Data Start Marker

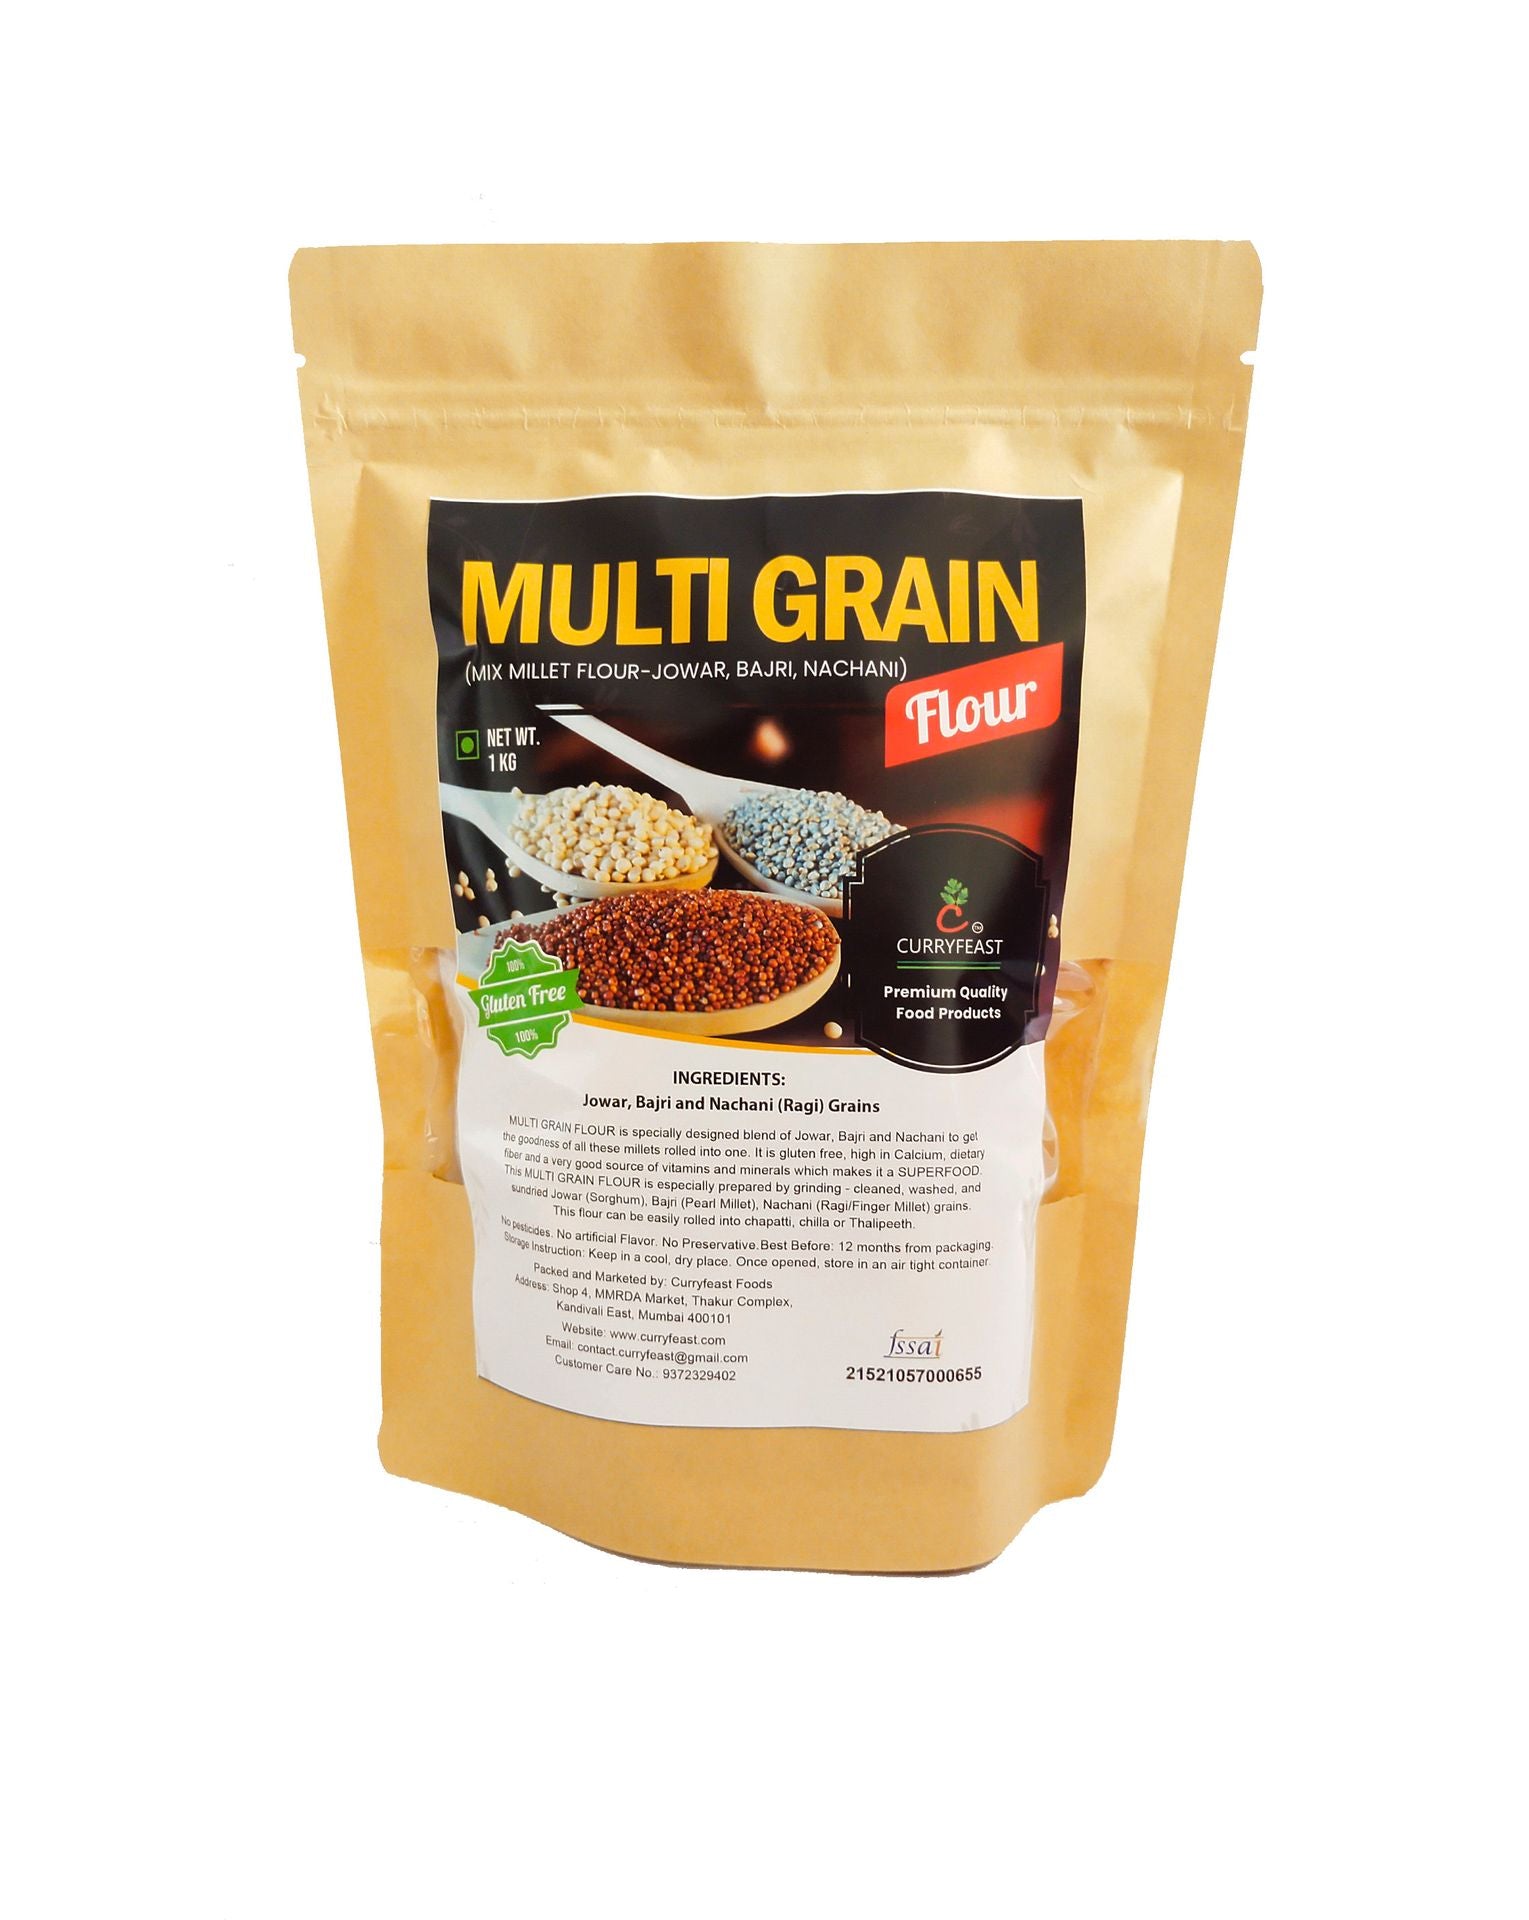 Multigrain (Jowar, Bajri, Nachani) Flour - 1Kg - hfnl!fe
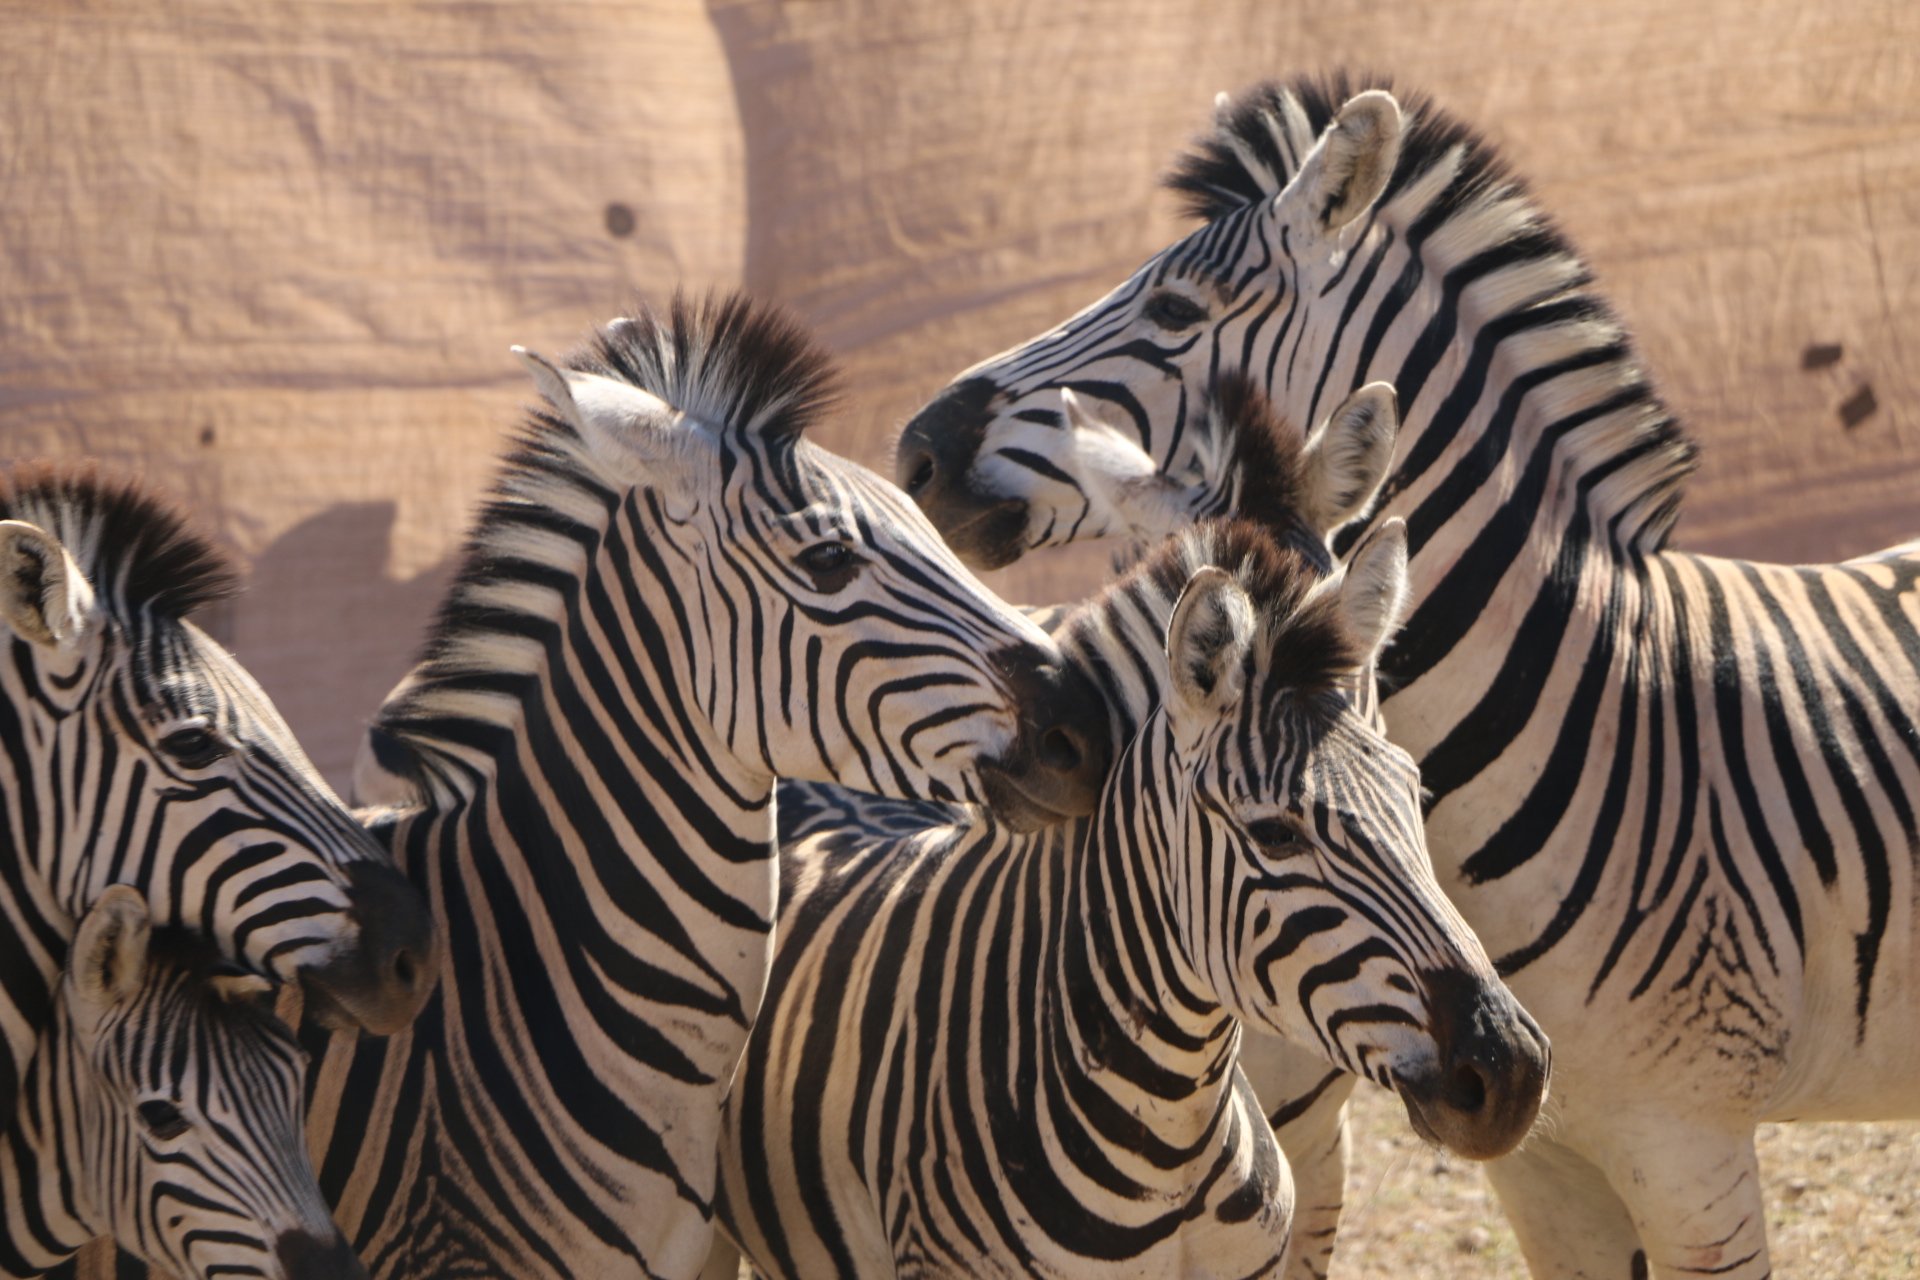 Juvenile zebras
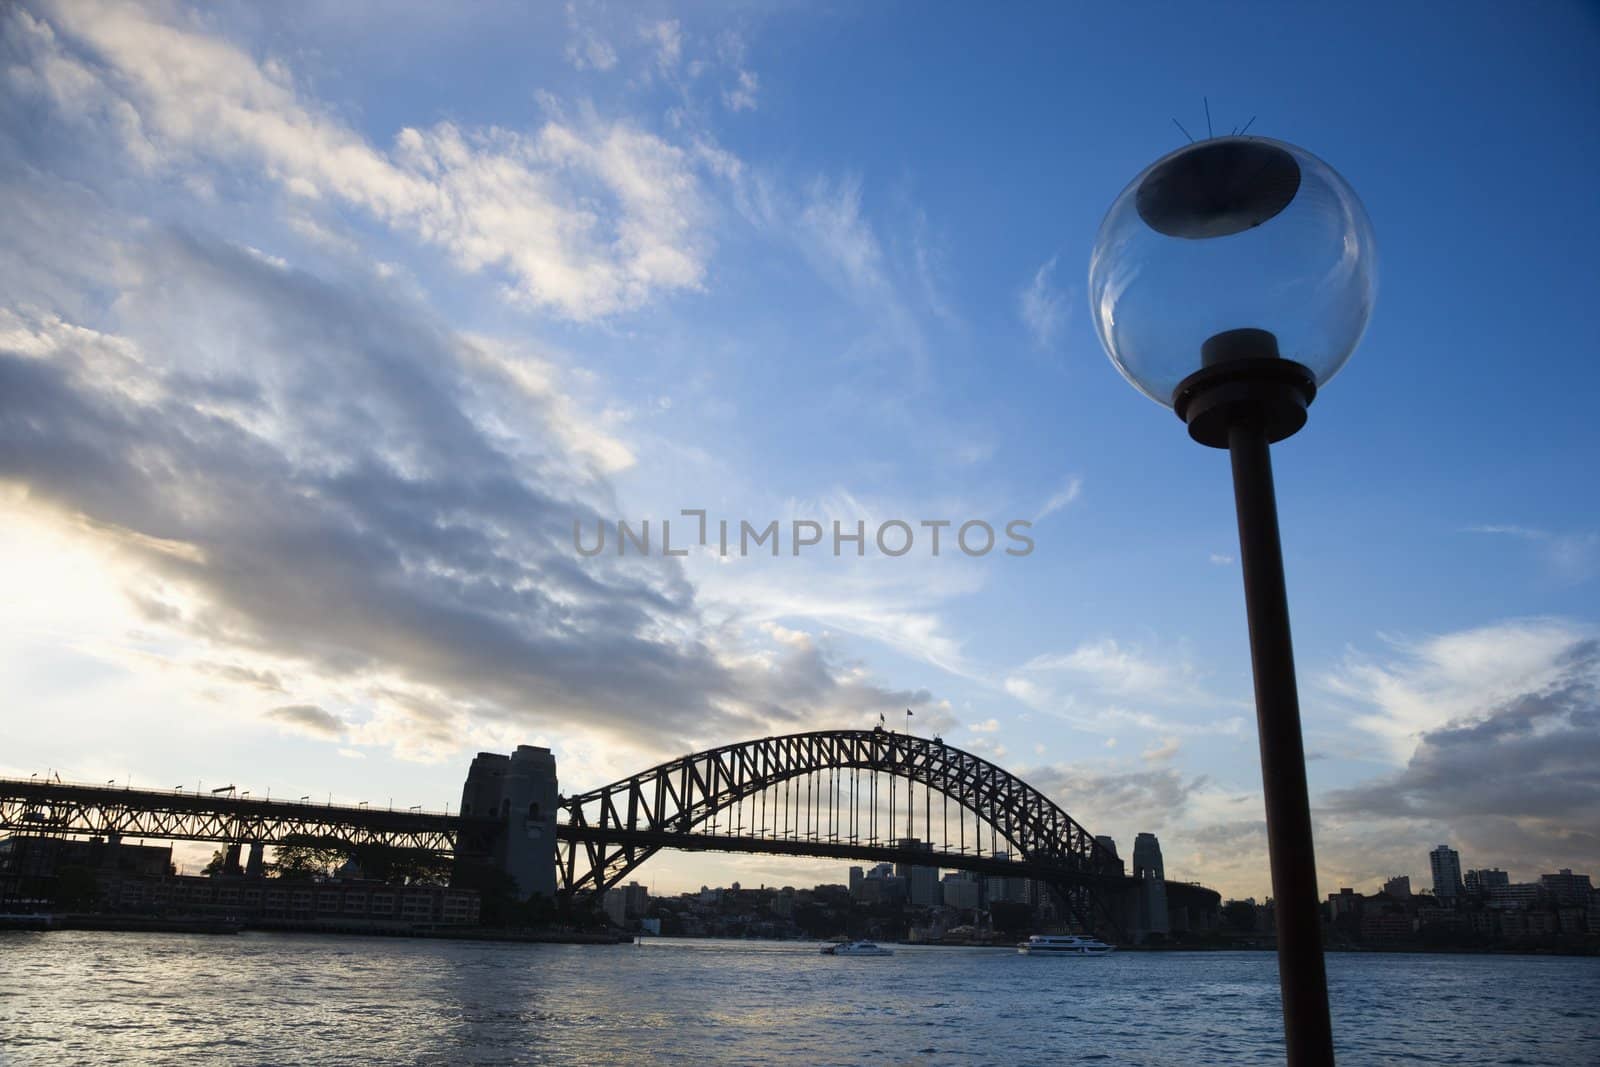 Sydney Harbour, Australia, with view of Sydney Harbour bridge and lamppost.
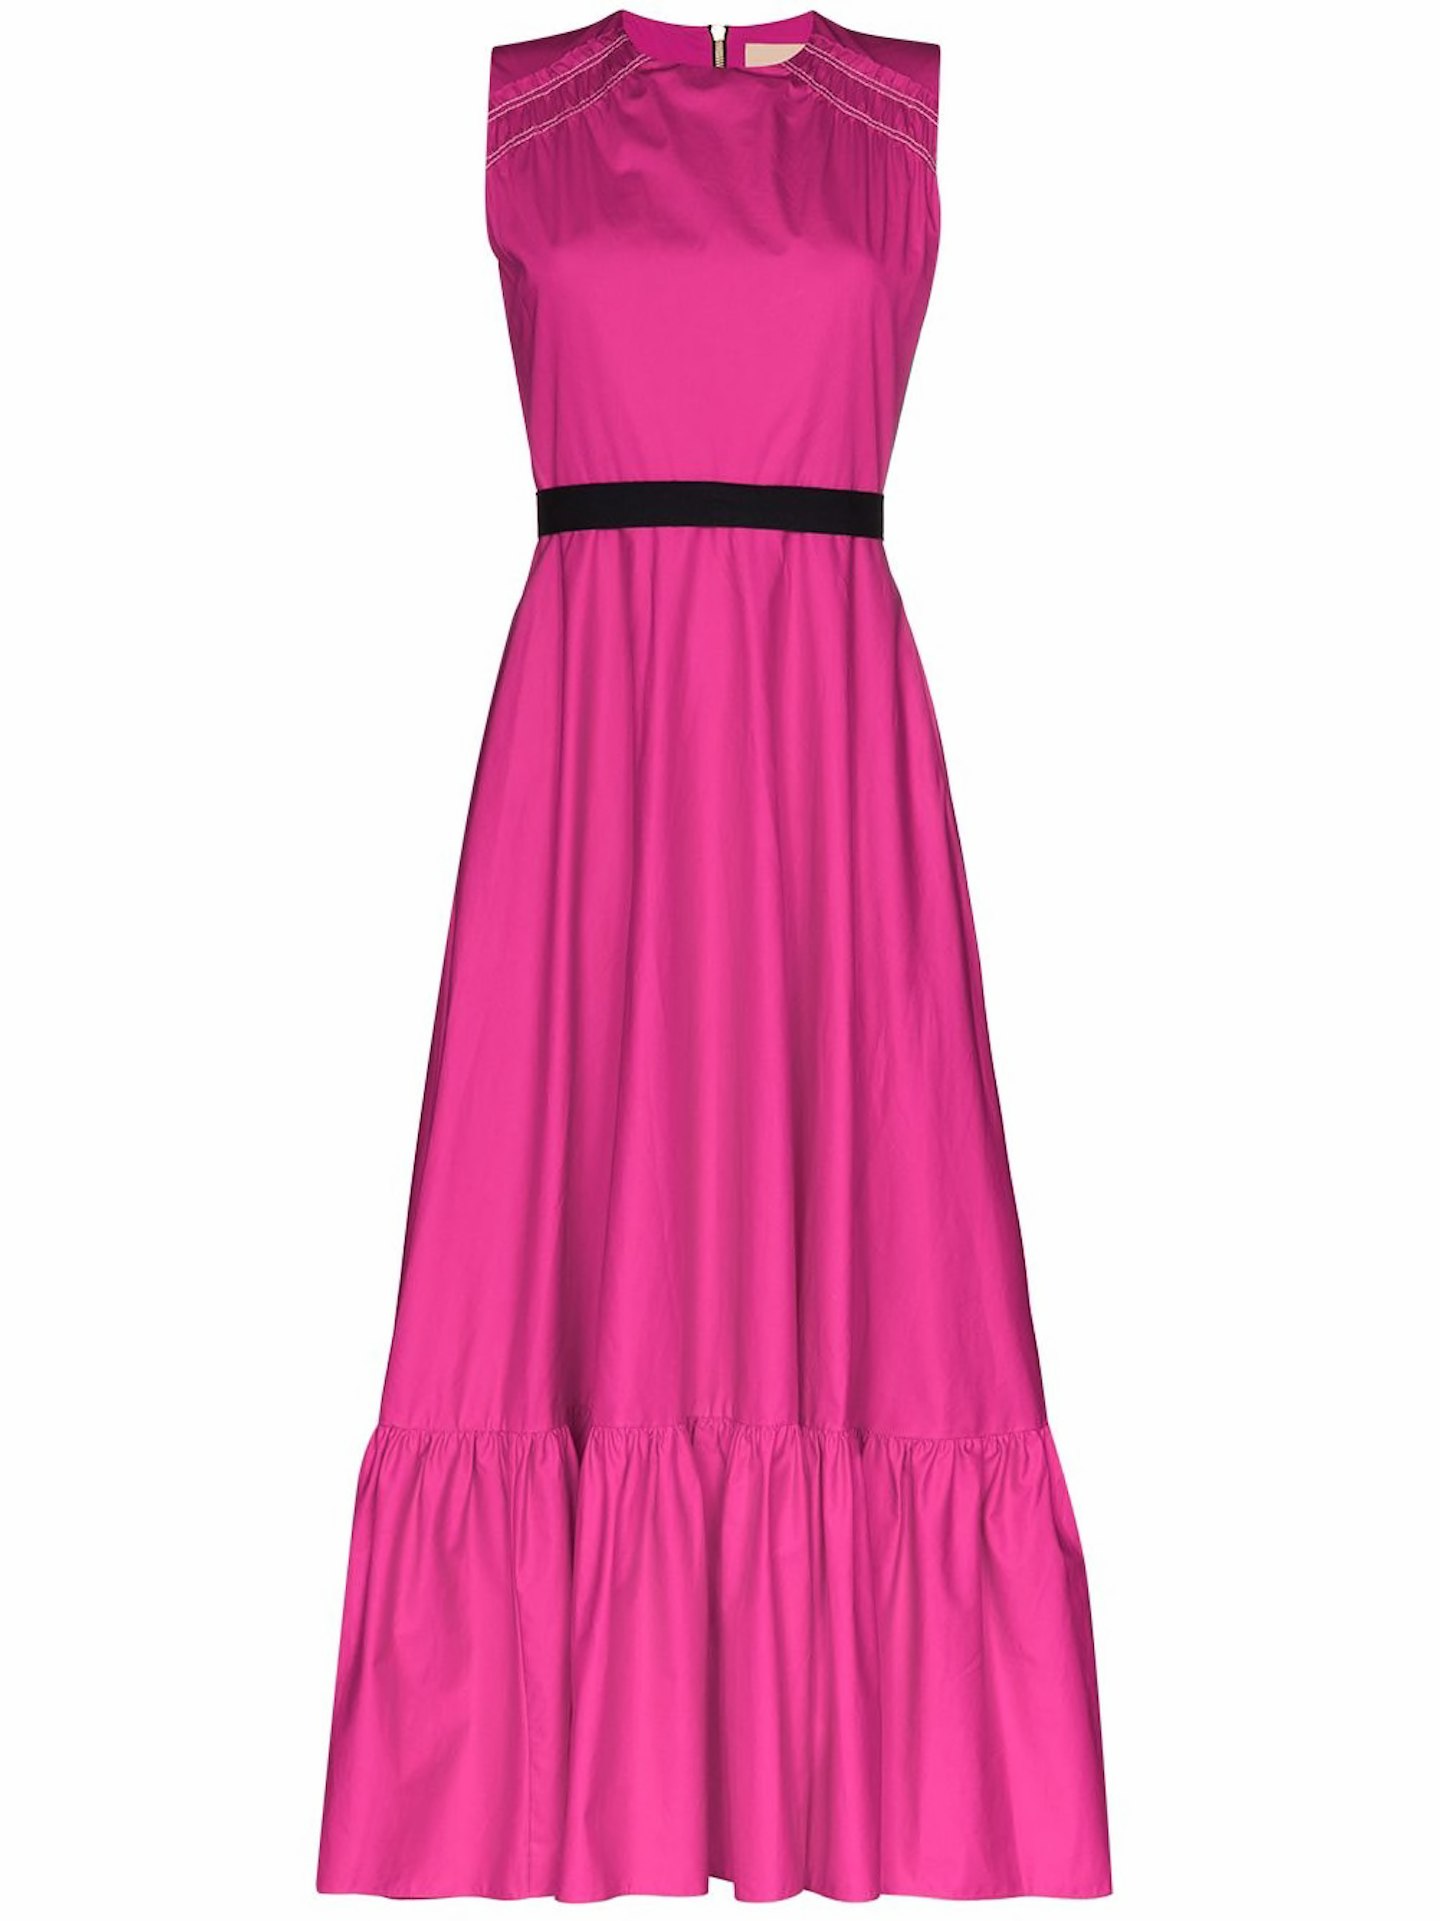 Roksanda, Blaise Waist-Sash Cotton-Poplin Dress, £850 at Matches Fashion

Data End Marker

Exercise requirements: Each line of the data should be quoted exactly, with pictures left out.

Response to the task:
 Multigrain (Jowar, Bajri, Nachani) Flour - 1Kg - hfnl!fe
 Juvenile zebras
 Sydney Harbour, Australia, with view of Sydney Harbour bridge and lamppost.
 Roksanda, Blaise Waist-Sash Cotton-Poplin Dress, £850 at Matches Fashion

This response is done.